Listed records Start Marker

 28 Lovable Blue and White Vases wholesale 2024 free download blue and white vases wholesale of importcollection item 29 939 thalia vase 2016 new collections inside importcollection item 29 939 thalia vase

Listed records End Marker
Listed records Start Marker

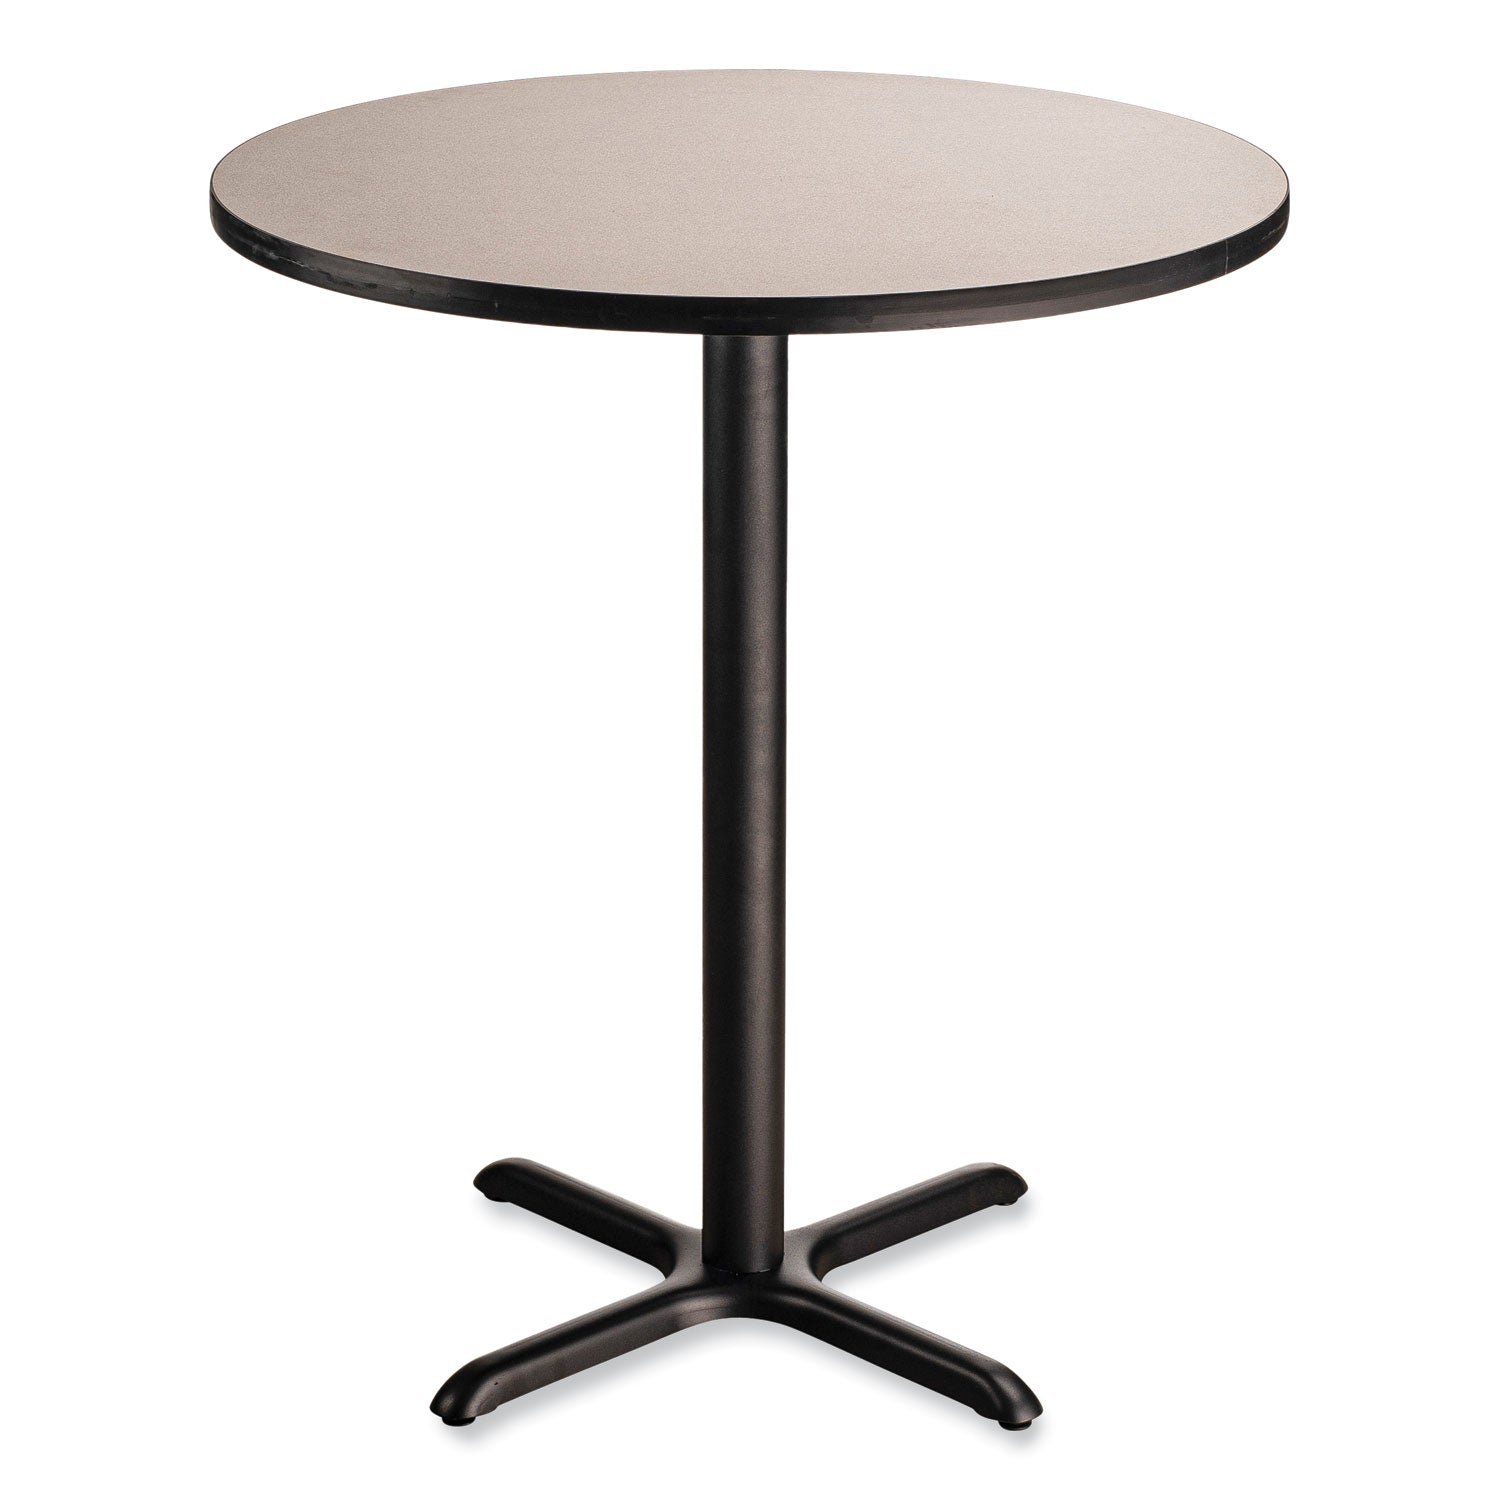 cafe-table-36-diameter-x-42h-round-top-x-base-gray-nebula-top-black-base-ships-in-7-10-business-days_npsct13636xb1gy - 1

Listed records End Marker
Listed records Start Marker

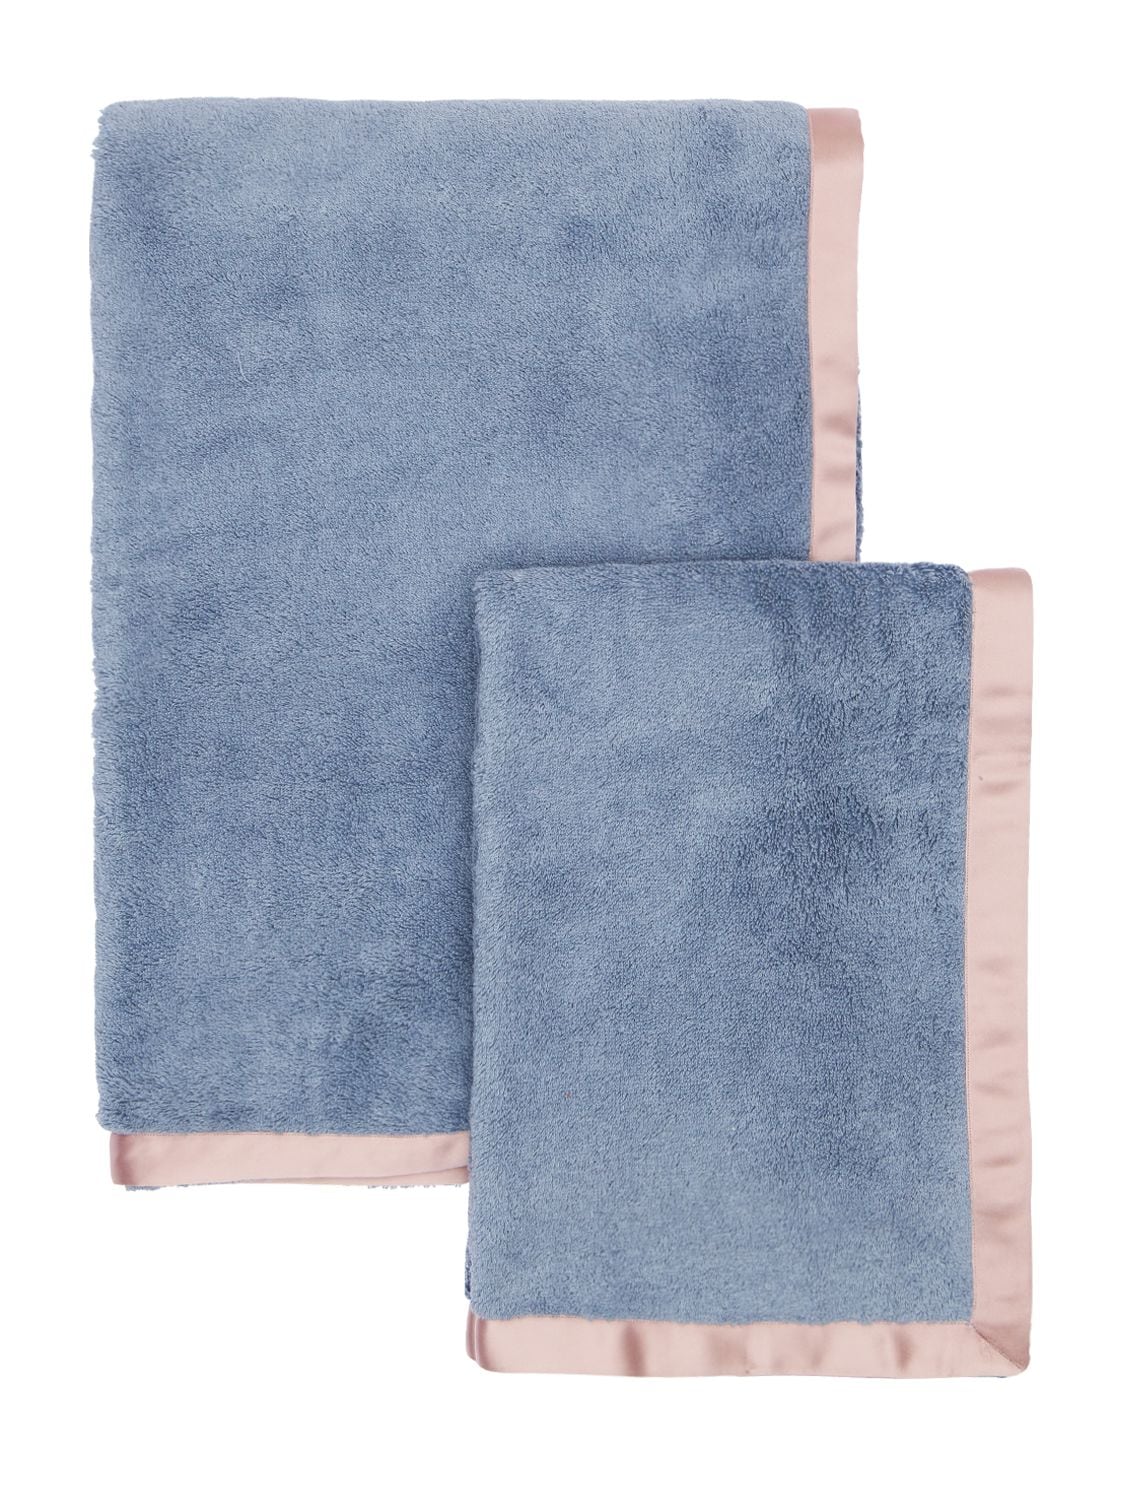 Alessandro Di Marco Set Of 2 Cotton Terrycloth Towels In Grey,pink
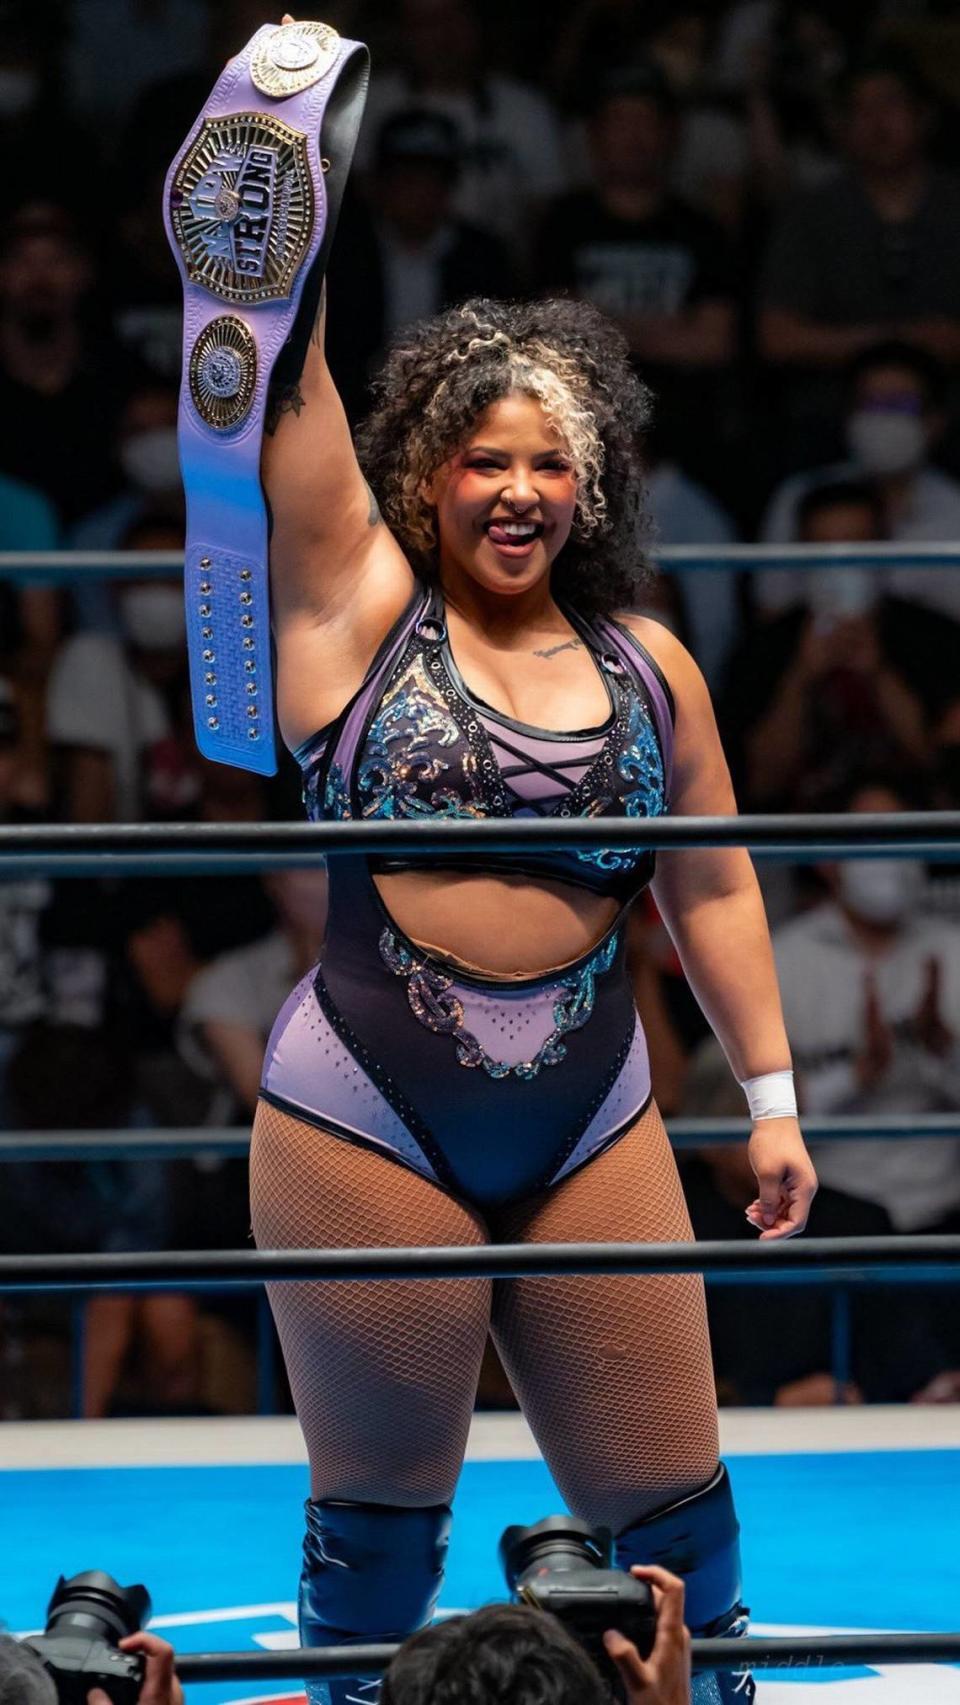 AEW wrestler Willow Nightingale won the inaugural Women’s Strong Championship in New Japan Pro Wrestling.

Listed records End Marker

* Try it
In the listing above, find the line containing "Alessandro Di Marco" and the line containing "AEW wrestler Willow", then write out both of them and every line between, exactly, with no pictures.

* Response
 Alessandro Di Marco Set Of 2 Cotton Terrycloth Towels In Grey,pink
 AEW wrestler Willow Nightingale won the inaugural Women’s Strong Championship in New Japan Pro Wrestling.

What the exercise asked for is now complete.